FOLHA DE SP - 09/04
SÃO PAULO - Dá medo o rumo que está tomando a campanha eleitoral na Venezuela. Nicolás Maduro, sucessor designado por Hugo Chávez, diz estar em contato com o ex-mandatário morto, que lhe apareceu na forma de passarinho, e não hesita em fazer insinuações sobre a orientação sexual de seu adversário. Se este é o socialismo do século 21, quero voltar para o século 18.
Pelo menos em seu surgimento, movimentos de esquerda estavam associados ao projeto iluminista de reformar a sociedade tendo por instrumentos a razão e o conhecimento científico. Embora partidos de esquerda nunca se tenham notabilizado pela união, eles eram mais ou menos unânimes em condenar a superstição, a intolerância e os abusos perpetrados pelo Estado e pelas igrejas.
Mesmo em Marx, a crítica ao capitalismo se subordina à ideia de emancipação humana. É preciso mudar as relações de produção para pôr um fim à alienação do trabalho, que afasta o homem de sua verdadeira natureza ("Gattungswesen"). É nesse contexto libertário que o filósofo afirmou que a religião era o ópio do povo.

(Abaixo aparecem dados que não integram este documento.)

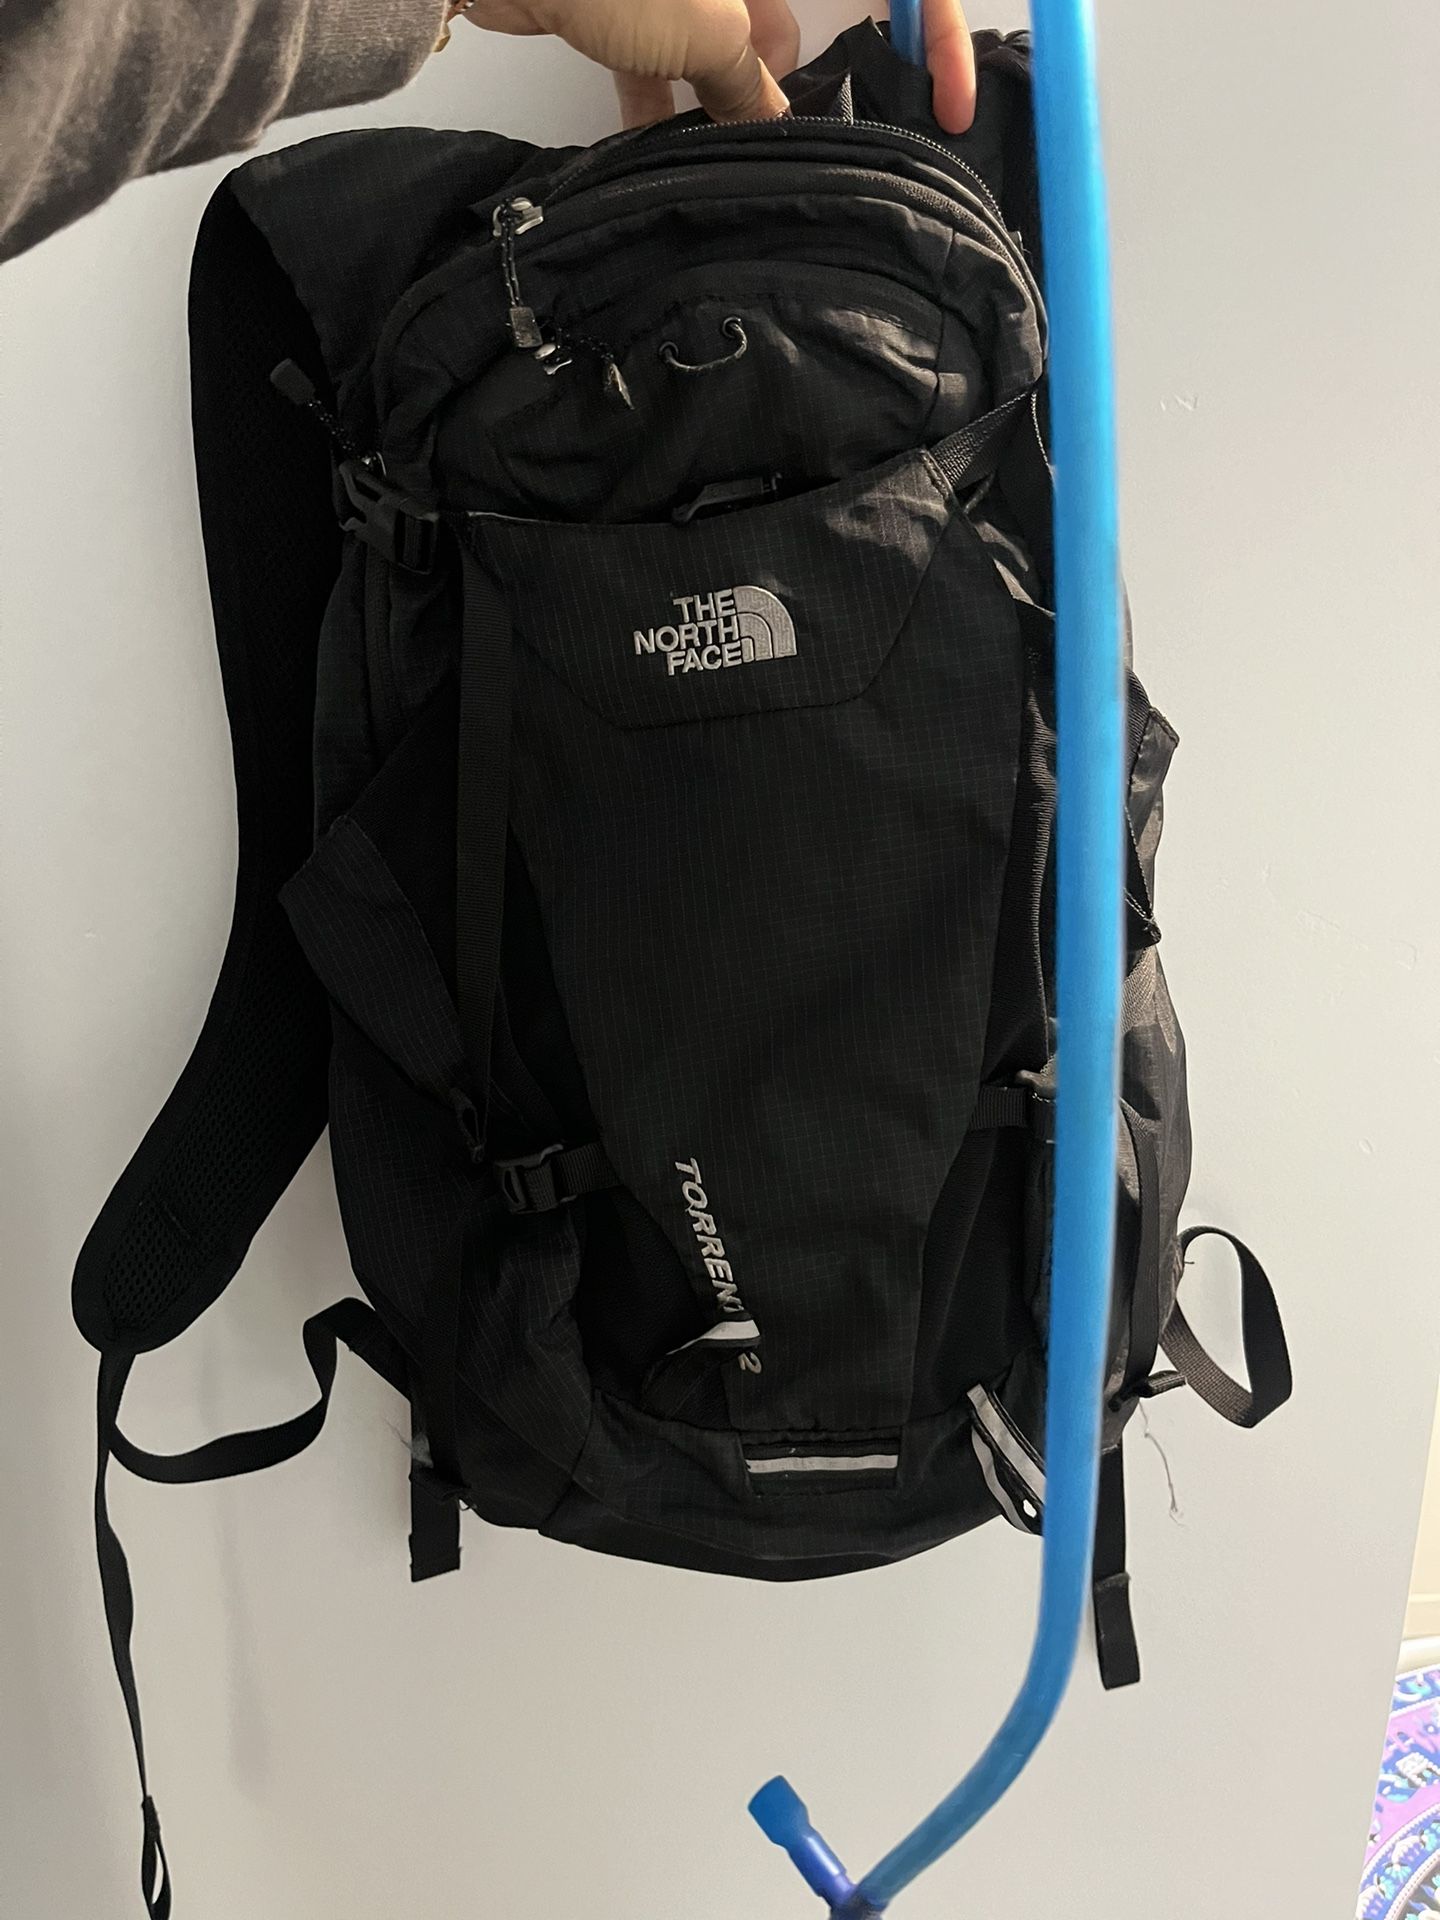 Backpack For Running (the North Face)

Pode-se discutir se o projeto de transformação da sociedade faz sentido e até que ponto a natureza humana é maleável. Descobertas no campo da antropologia e da psicologia nas últimas décadas sugerem que, embora a concepção do homem como uma "tabula rasa", como defendia parte da esquerda, esteja equivocada, há espaço para melhorias.
A melhor prova disso é que, graças a avanços científicos e a abordagens mais racionais para problemas econômicos, políticos e judiciários, a humanidade vive uma era de bonança sem precedentes, na qual muito mais pessoas vivem por mais tempo, com mais saúde e submetidas a menos sofrimentos. Extinguimos até chagas milenares como a escravidão.
O discurso de Maduro, ainda que eleitoreiro, trai o que ainda dá para salvar da esquerda, que é a ideia de que o progresso social é possível.